Question

A block \(B\) is attached to two unstretched springs \(S_1\) and \(S_2\) with spring constants \(k\) and \(4k\) respectively (see the figure I). The other ends are attached to the identical supports \(M_1\) and \(M_2\) which are not fixed to the walls. The springs and supports have negligible masses. There is no friction anywhere. The block \(B\) is displaced towards the wall \(1\) by a small distance \(x\) (see the figure II) and then released. The block returns and moves a maximum distance \(y\) towards the wall \(2\). The displacements \(x\) and \(y\) are measured with respect to the equilibrium position of the block \(B\).

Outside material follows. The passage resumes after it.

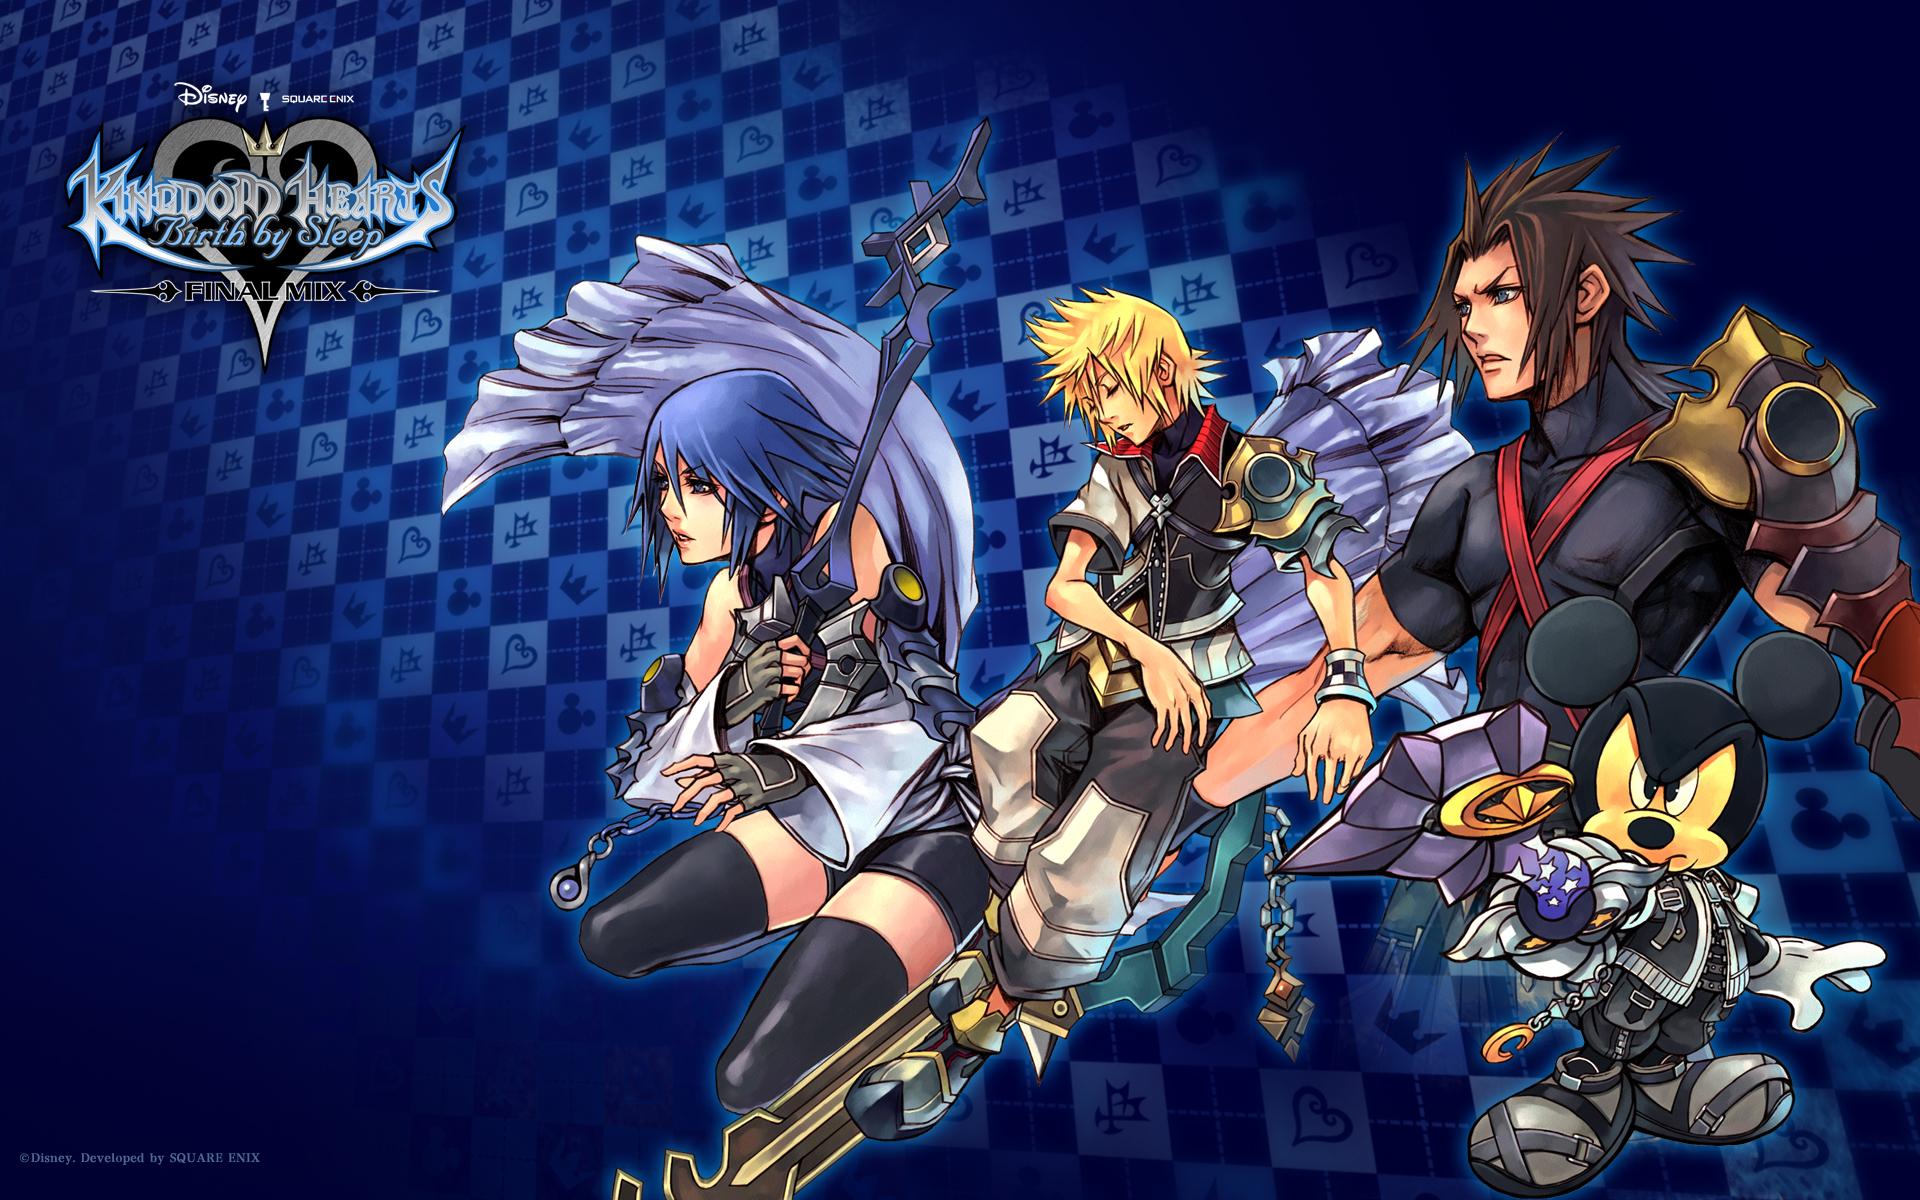 Wallpapers Birth By Sleep Kingdom Hearts Insider

The ratio \(\dfrac{y}{x}\) is


\( \begin{array}{l} \underset{y}{*} \mid \\ \end{array} \) I

• A. $\frac{1}{4}$
• B. $4$
• C. $\frac{1}{2}$
• D. $2$

Answer 1

The correct option is C $\frac{1}{2}$

Given, Spring constant of spring $S_1=k$ and spring constant of spring $S_2=4k$

Case $1:$ When Block $B$ is moved towards wall $1$ by a distance $x.$

In this case, there will be compression in spring $S_1$ and spring $S_2$ will remain unchanged as it will move with support $M_2$, the same distance $x$ from the mean position of block $B.$
So, energy stored in spring $S_1$ will be $\frac{1}{2}k{x}^2$

Case $2:$ When Block $B$ returns and moves a maximum distance $y$ towards wall $2.$
In this case, there will be compression in spring $S_2$ and spring $S_1$ will move with support $M_1$, the same maximum distance $y$ from the mean position of block $B.$
So, energy stored in spring $S_2$ will be $\frac{1}{2}\left(4k\right)y^2$
By the law of conservation of mechanical energy,
$\frac{1}{2}k{x}^2=\frac{1}{2}\left(4k\right)y^2$
$\Rightarrow \frac{y}{x}=\frac{1}{2}$.
Hence, option $\left(C\right)$ is correct.